Grubman's firm is a division of Citigroup. Citigroup's chairman, Sanford Weill, asked Grubman to reconsider his unenthusiastic rating on AT&T. The chairman of AT&T, for one, sat on Citigroup's board of directors, and for another, Weill wanted AT&T to become a Citigroup client. Grubman, in turn, asked Weill for help in getting his daughters into the 92nd Street Y.

This is what happened. Grubman raised his rating on AT&T stock from "hold" to "strong buy." Citigroup donated $1 million (¥120 million) to the 92nd Street Y. Grubman's daughters were accepted at the nursery school.

The reason this came to light is that Grubman bragged about his achievement in emails to friends. The contents of the emails were disclosed because of investigations into whether stock analysts like Grubman were not necessarily objective in their stock recommendations - in particular, whether they recommended certain stocks not because they were good stocks, but because their firms wanted to curry the favor of companies in order to get investment banking business.

Since the bursting of the stock market bubble, telecom shares have collapsed, in some cases to about one percent of their peak value.
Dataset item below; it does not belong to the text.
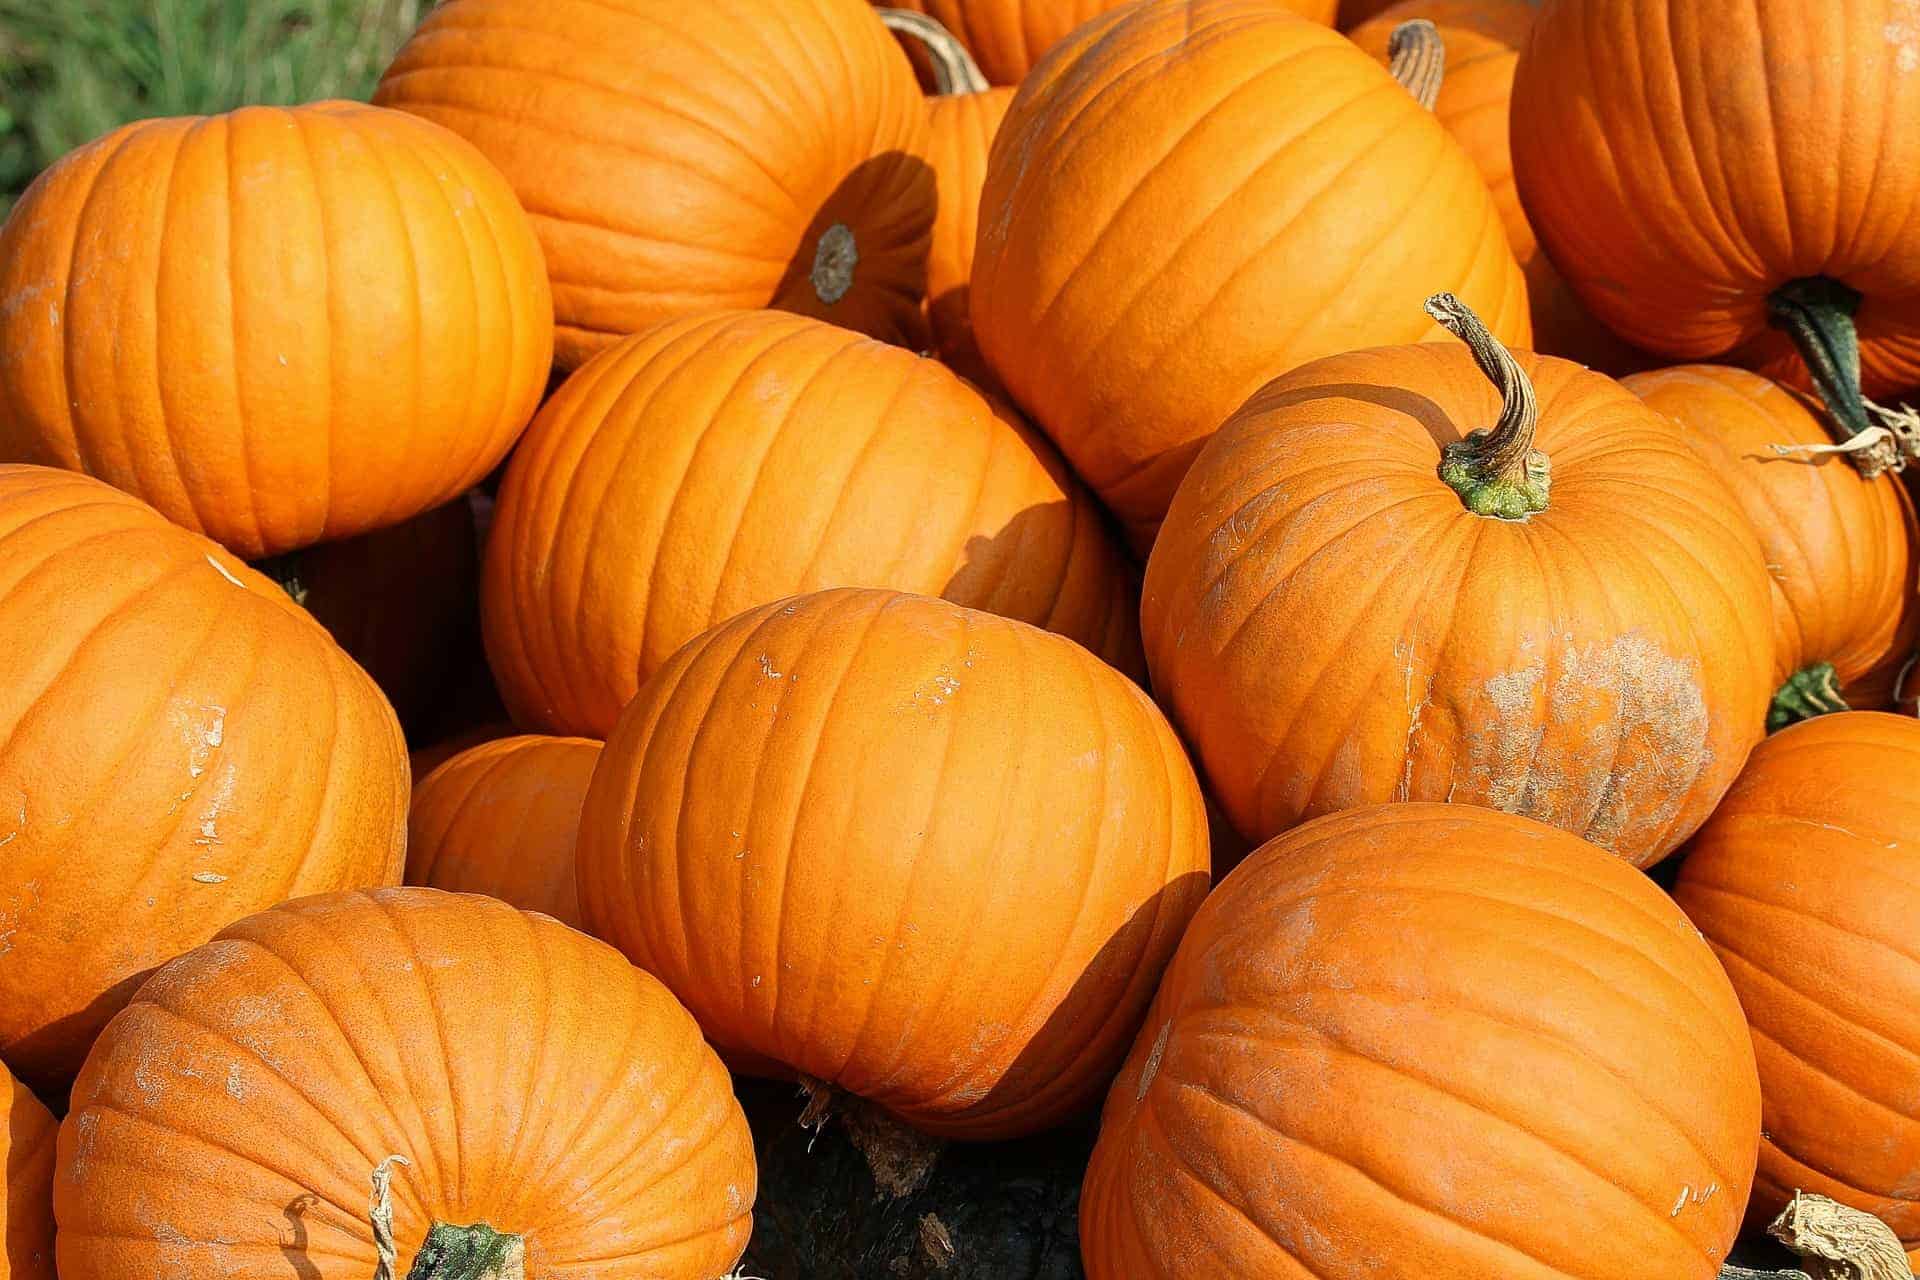 ‘Tis the season for all things pumpkin
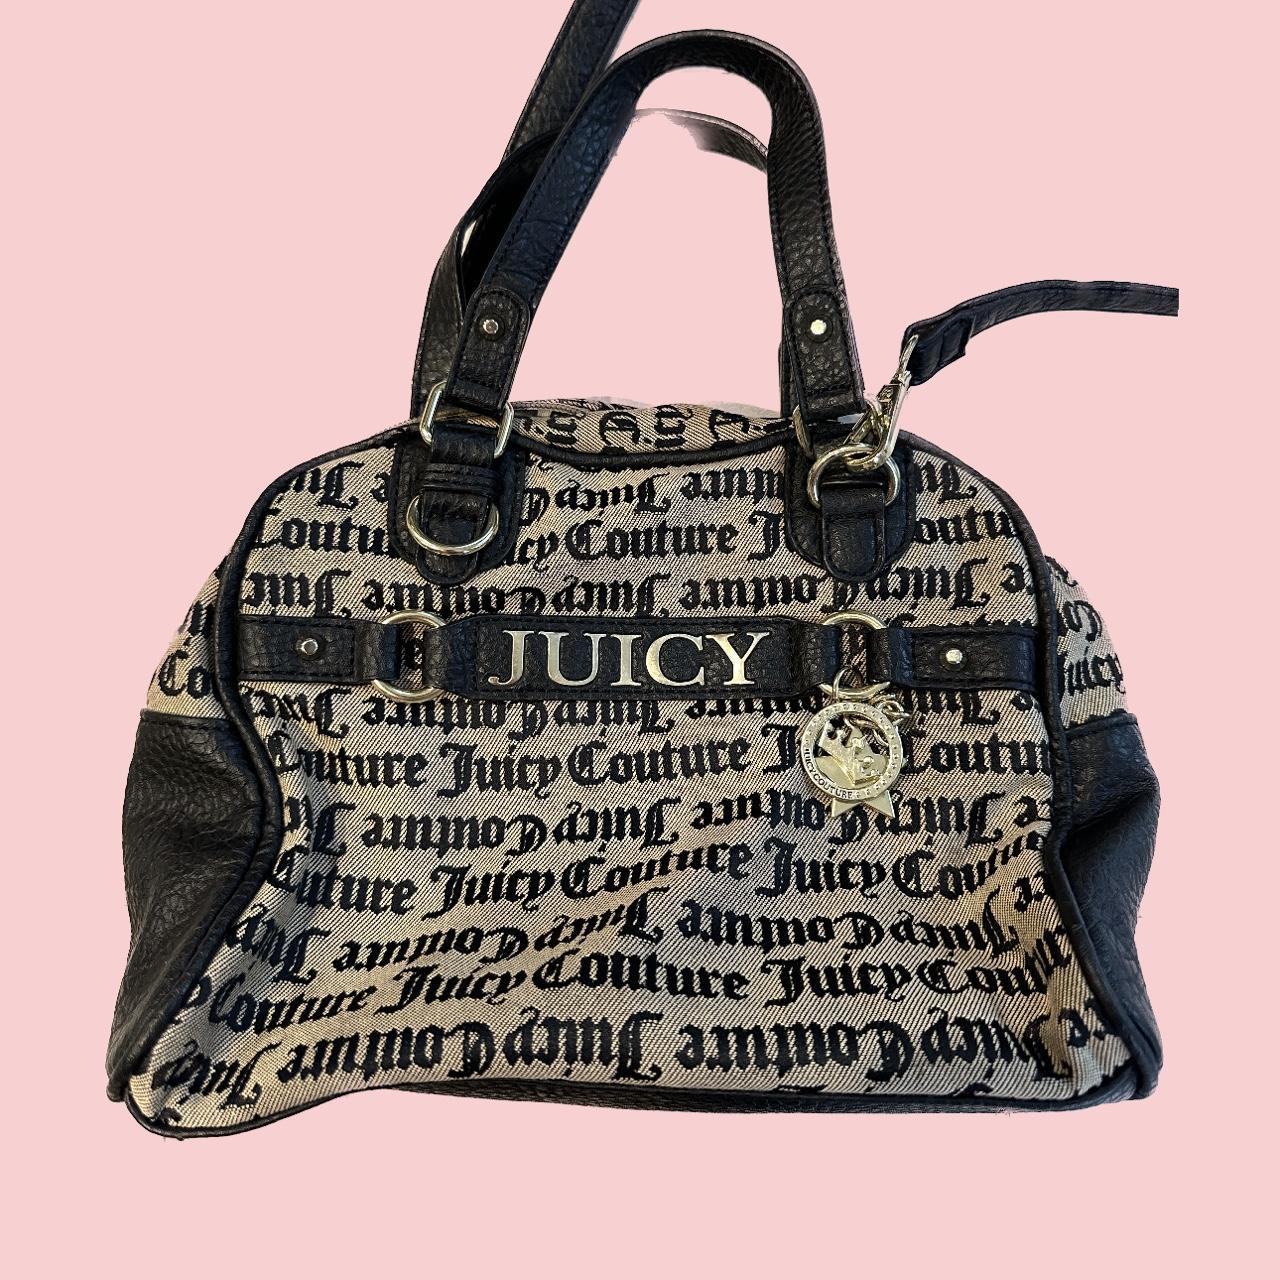 Juicy Couture Women's Grey and Black Bag | Depop

It is amusing (provided that you don't own any AT&T stock) to think that the bubble was caused, if only in very small part, by one man's efforts to get his daughters into nursery school.

For the record, all three parties - Grubman, Weill and the nursery school - deny that there was any quid pro quo. Grubman says he was lying in the emails. Weill says that he did put in a word for the Grubman girls, but denies that the $1 million (¥20 million) donation was tied to the upgrade of AT&T stock. And the nursery school says that the girls went through the same rigorous admissions process as everyone else. The district attorney's office is investigating.